Tagged sentences:  3914


#Hidden Markov Model

In [None]:
from nltk.tag import hmm


trainer = hmm.HiddenMarkovModelTrainer()
tagger = trainer.train_supervised(tagged_sentences)

print(tagger)

<HiddenMarkovModelTagger 46 states and 12408 output symbols>


In [None]:
predictions = []
y_test= []
split_index = round(len(tagged_sentences) * 0.8)

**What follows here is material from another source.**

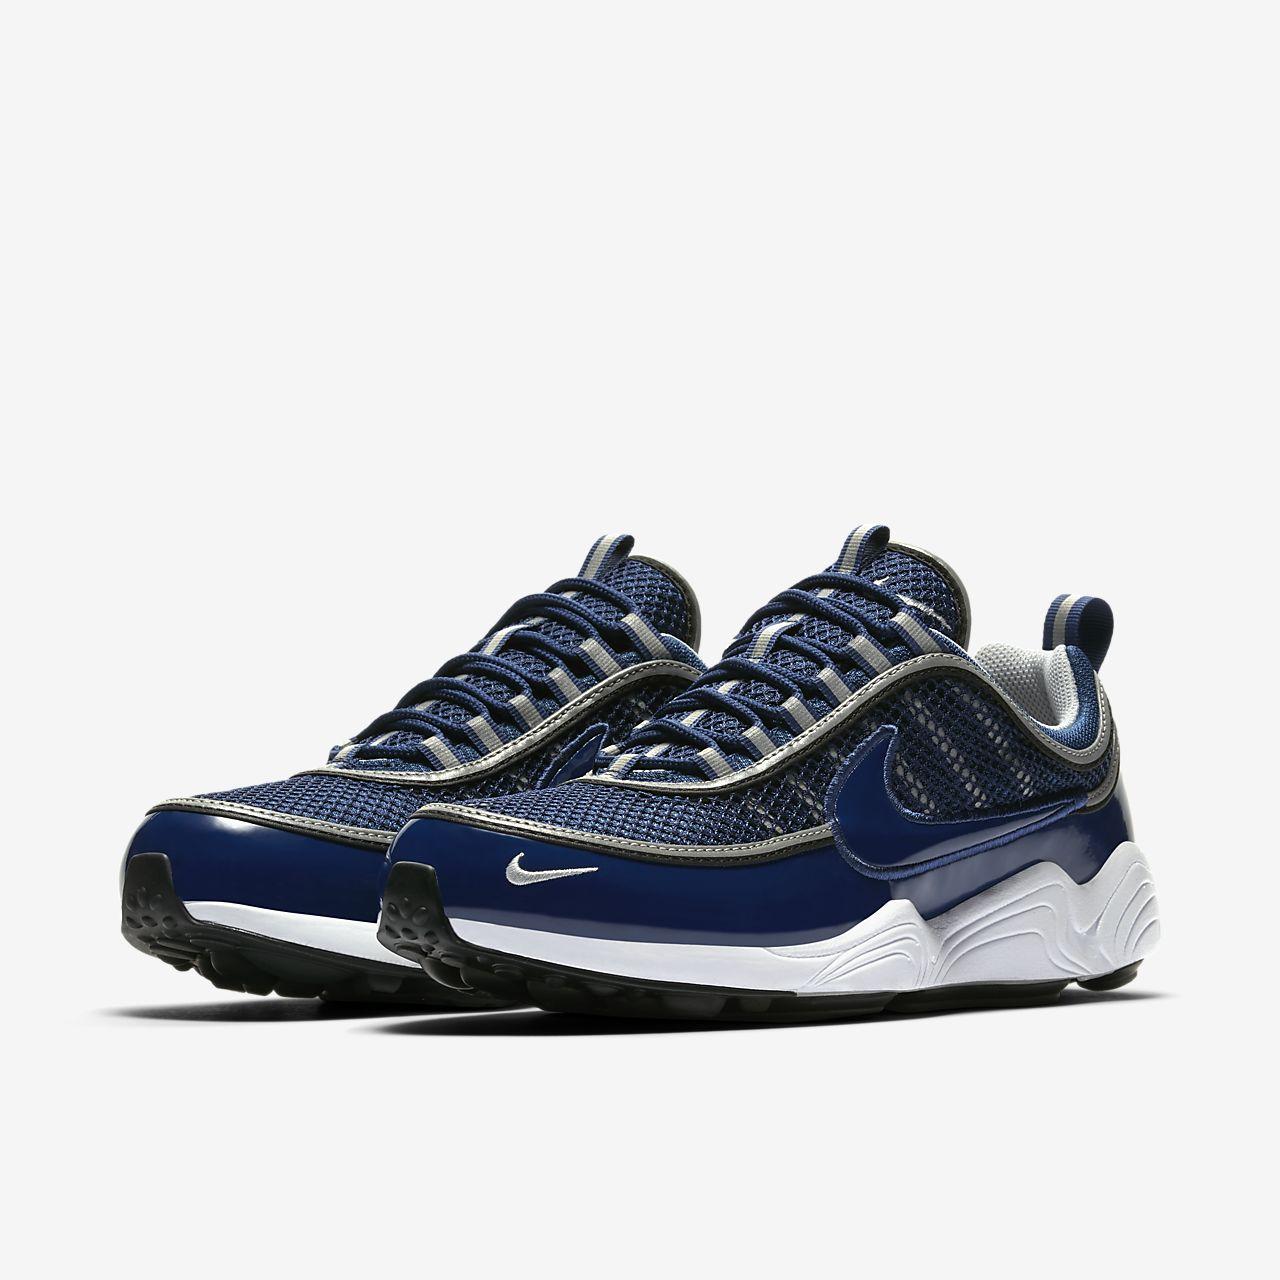 Nike Zoom Span 2, Chaussures de Running Homme, Noir (Noir/Argent Métallique/Gris Foncé/Blanc), 45.5 EU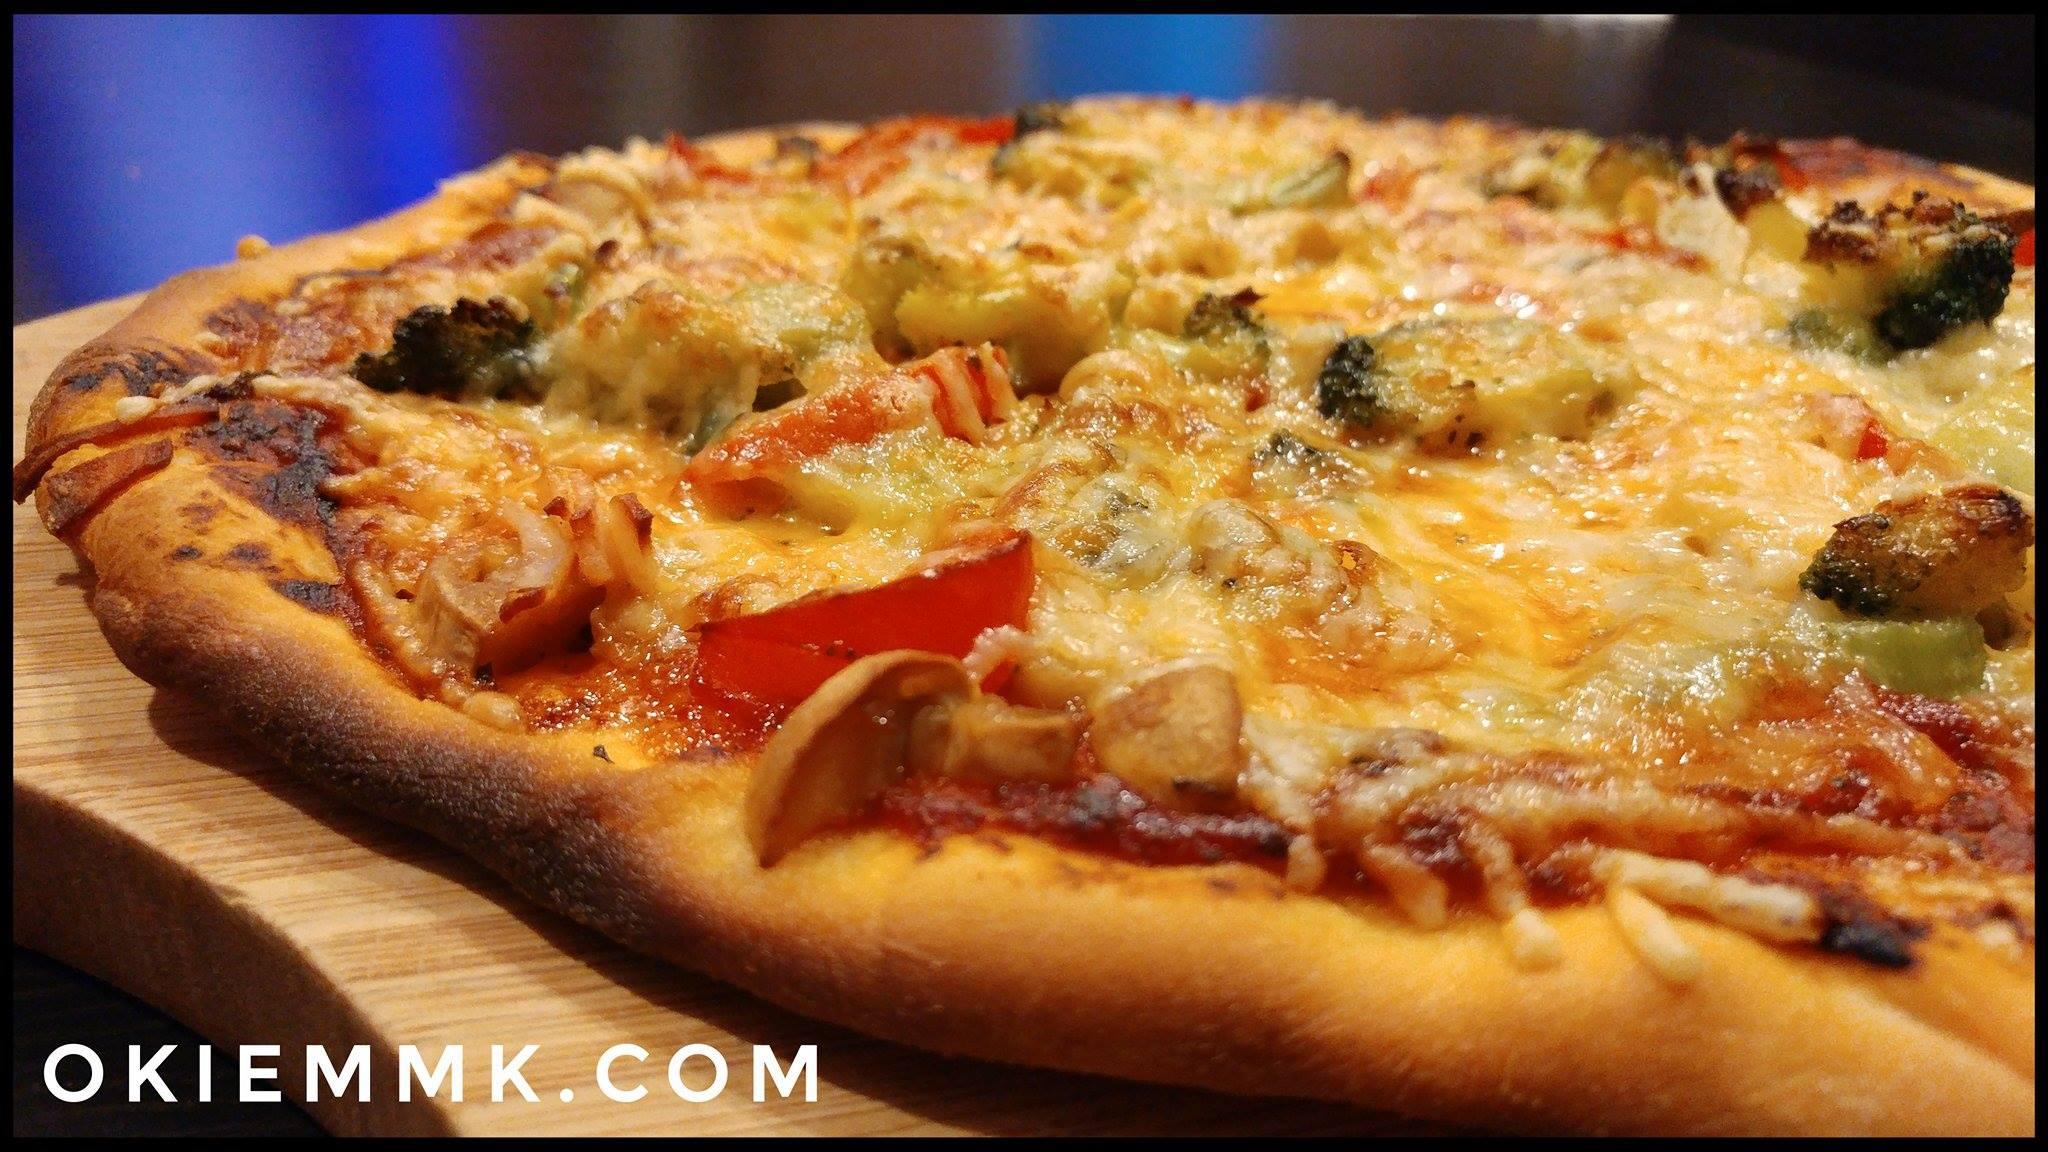 domowa-i-tradycyjna-pizza-toskanska-na-cienkim-ciescie-w-dwoch-wersjach

for i in tagged_sentences[split_index:]:
  X = [word for word, _ in i]
  y_test.append([tag for _, tag in i])
  predictions.append([tag for _, tag in tagger.tag(X)])

In [None]:
def accuracy_of_model(y_test, y_pred):
  accuracy = 0
  for i in range(len(y_test)):
    if y_test[i] == y_pred[i]:
      accuracy+=1
  return accuracy/len(y_test)
print(accuracy_of_model(y_test, predictions))

0.6819923371647509


In [None]:
from nltk import word_tokenize
nltk.download('punkt')

input_sent = str(input())
tokens = word_tokenize(input_sent)
tags = tagger.tag(tokens)
print(tags)

[nltk_data] Downloading package punkt to /root/nltk_data...
[nltk_data]   Package punkt is already up-to-date!


I am Peter
[('I', 'PRP'), ('am', 'VBP'), ('Peter', 'NNP')]


#CRF

In [None]:
def features(sentence, index):
    """ sentence: [w1, w2, ...], index: the index of the word """
    return {
        'word': sentence[index],
        'is_first': index == 0,
        'is_last': index == len(sentence) - 1,
        'is_capitalized': str(sentence[index][0]).upper() == sentence[index][0],
        'is_all_caps': str(sentence[index]).upper() == sentence[index],
        'is_all_lower': str(sentence[index]).lower() == sentence[index],
        'prefix-1': sentence[index][0],
        'prefix-2': sentence[index][:2],
        'prefix-3': sentence[index][:3],
        'suffix-1': sentence[index][-1],
        'suffix-2': sentence[index][-2:],
        'suffix-3': sentence[index][-3:],
        'prev_word': '' if index == 0 else sentence[index - 1],
        'next_word': '' if index == len(sentence) - 1 else sentence[index + 1],
        'has_hyphen': '-' in sentence[index],
        'is_numeric': str(sentence[index]).isdigit(),
        'capitals_inside': str(sentence[index][1:]).lower() != sentence[index][1:]
    }

In [None]:
from nltk.tag.util import untag

# Split the dataset for training and testing
cutoff = int(.75 * len(tagged_sentences))
training_sentences = tagged_sentences[:cutoff]
test_sentences = tagged_sentences[cutoff:]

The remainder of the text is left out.